• [Task requirements]: The data below contains pictures, which are to be skipped; the lines starting at the line with "Featured image for" and ending at the line with "Вид сверху на" are to be output exactly, both ends included.
== Records
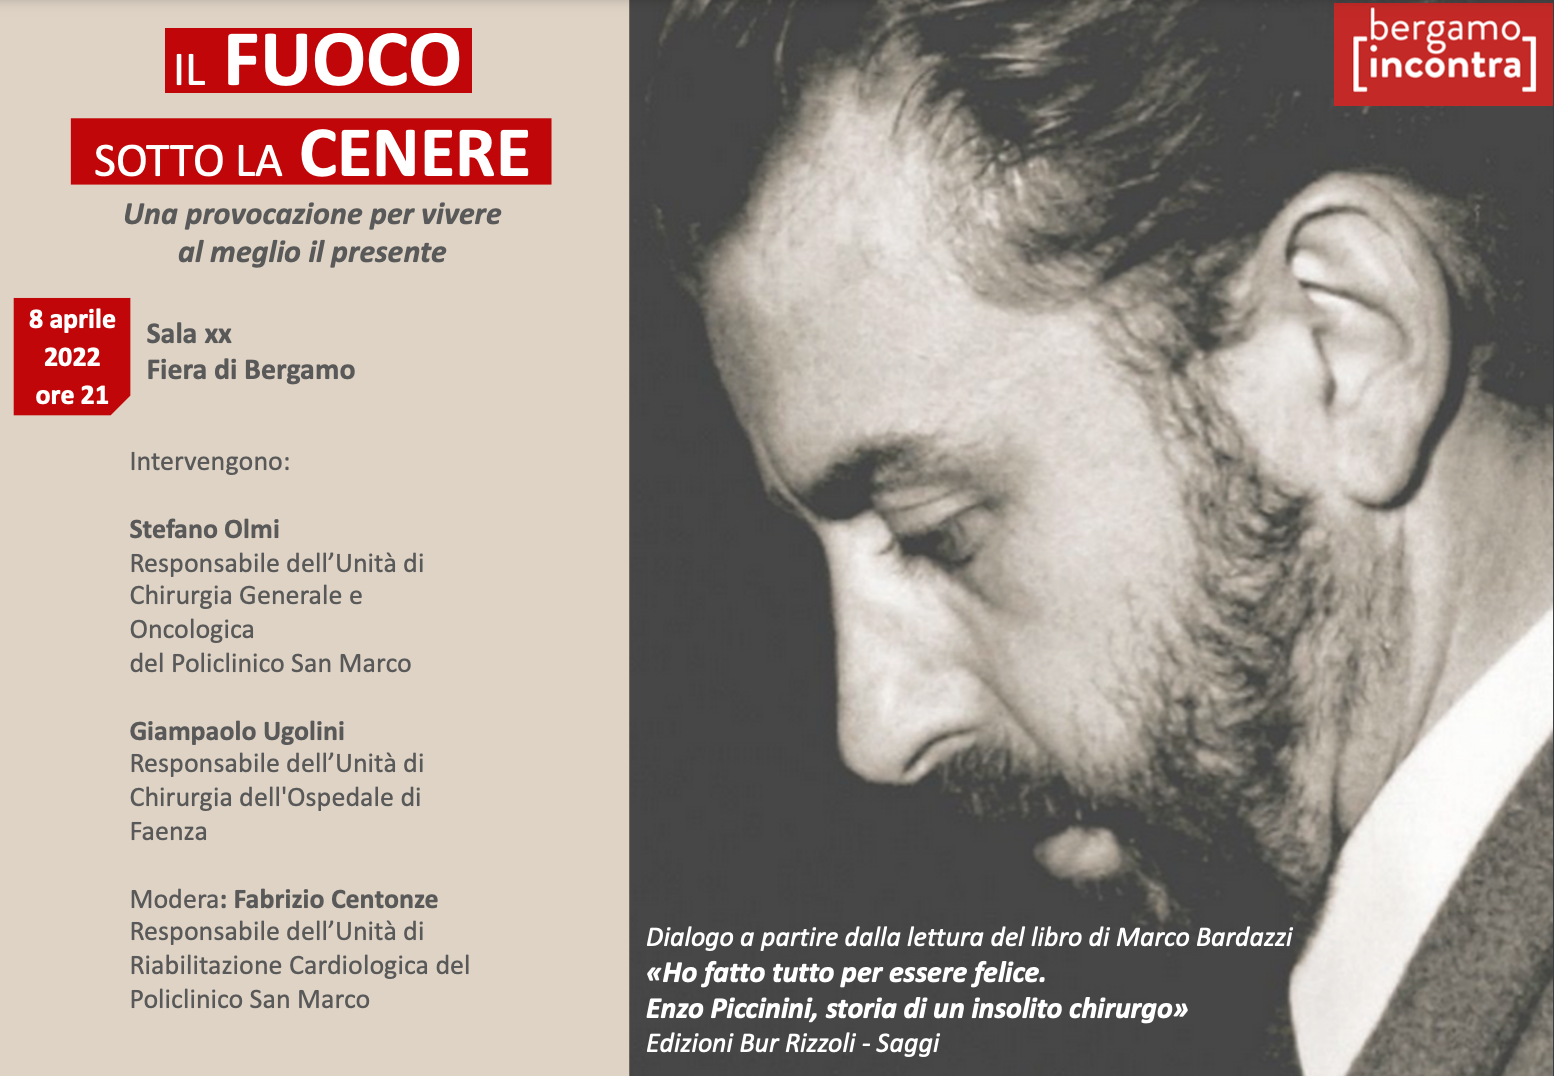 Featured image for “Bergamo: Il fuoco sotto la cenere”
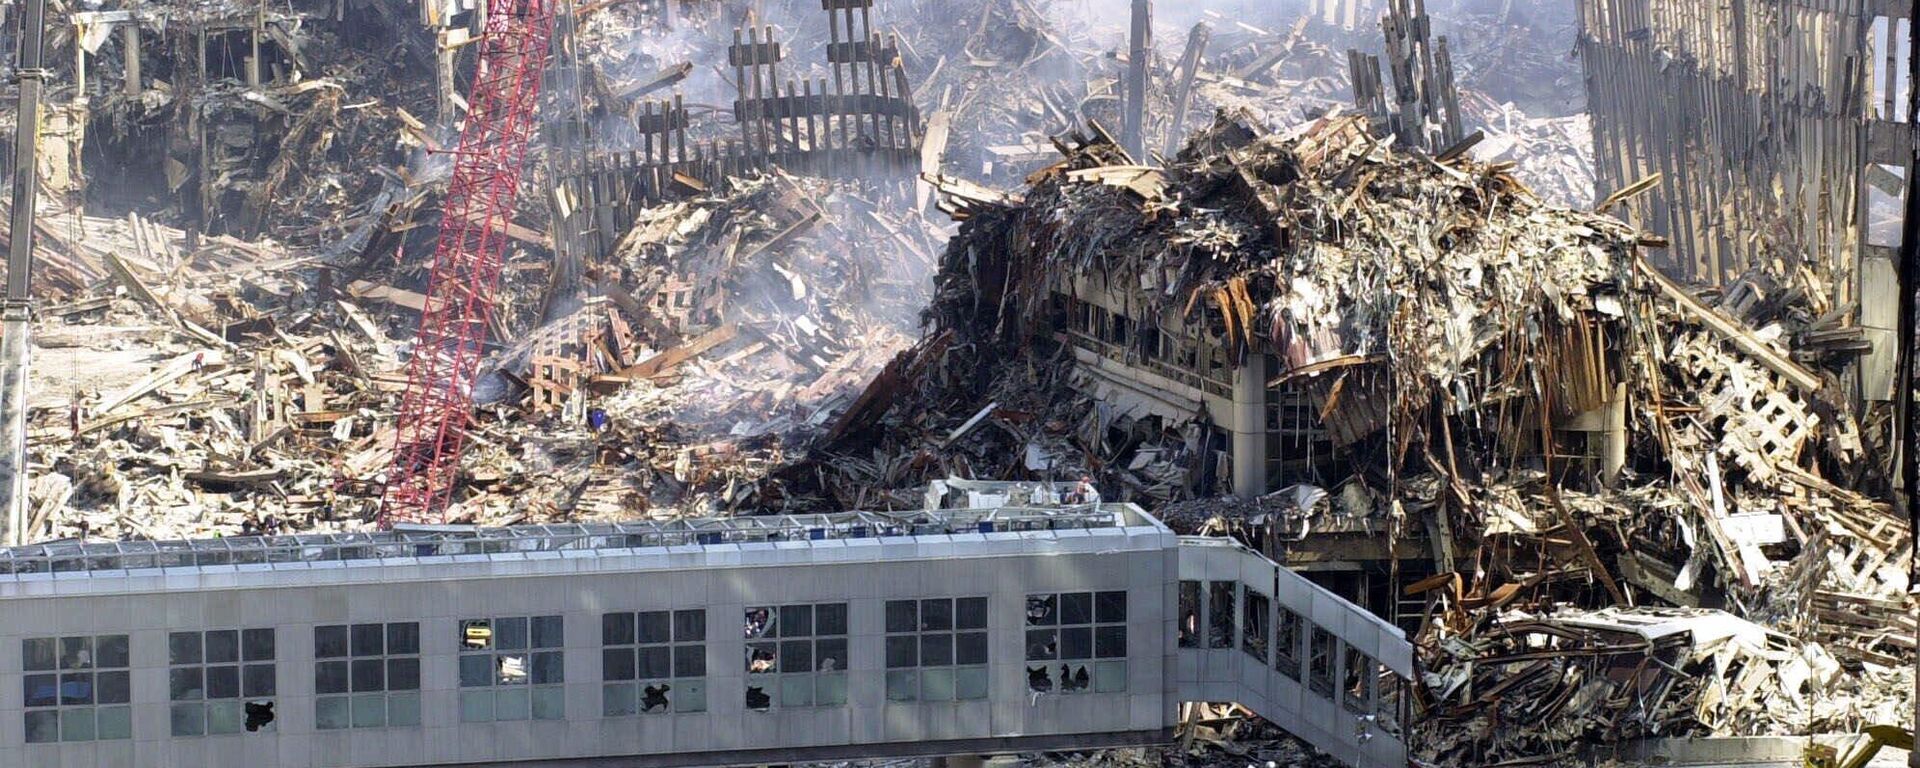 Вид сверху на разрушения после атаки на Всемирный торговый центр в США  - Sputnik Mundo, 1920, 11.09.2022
====
== Records
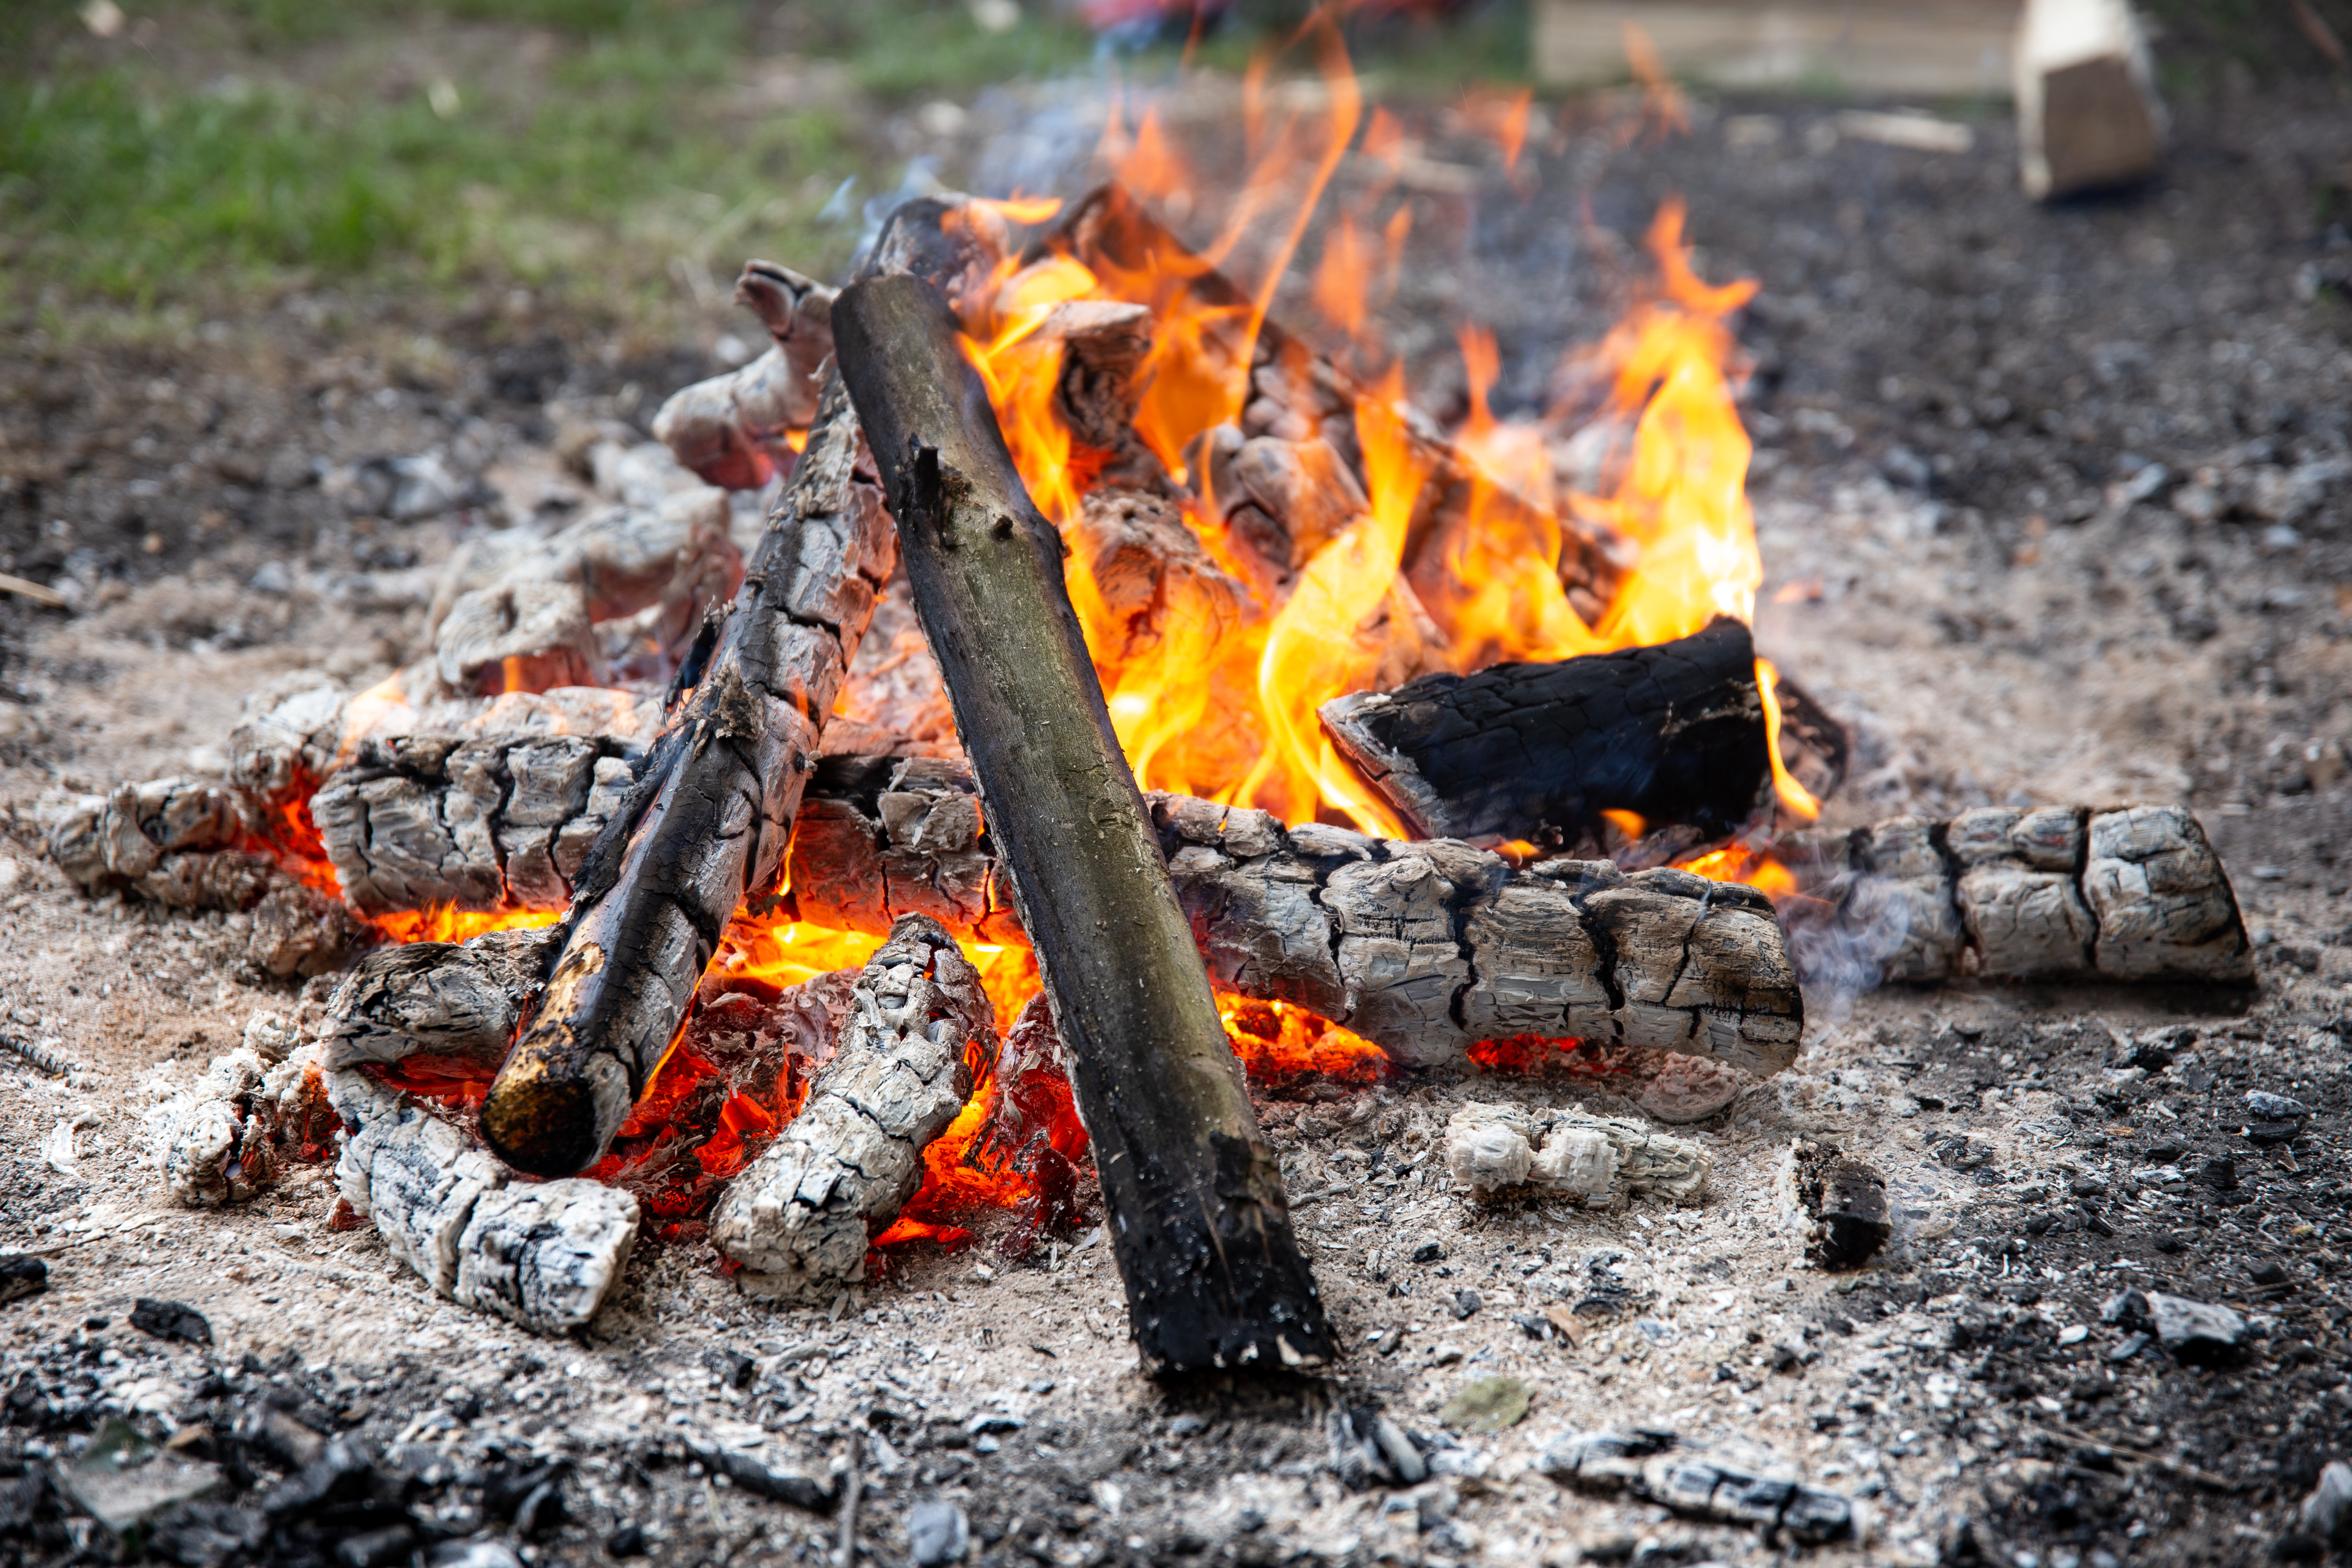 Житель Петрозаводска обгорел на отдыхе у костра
====
• [Task response]:
 Featured image for “Bergamo: Il fuoco sotto la cenere”
 Вид сверху на разрушения после атаки на Всемирный торговый центр в США  - Sputnik Mundo, 1920, 11.09.2022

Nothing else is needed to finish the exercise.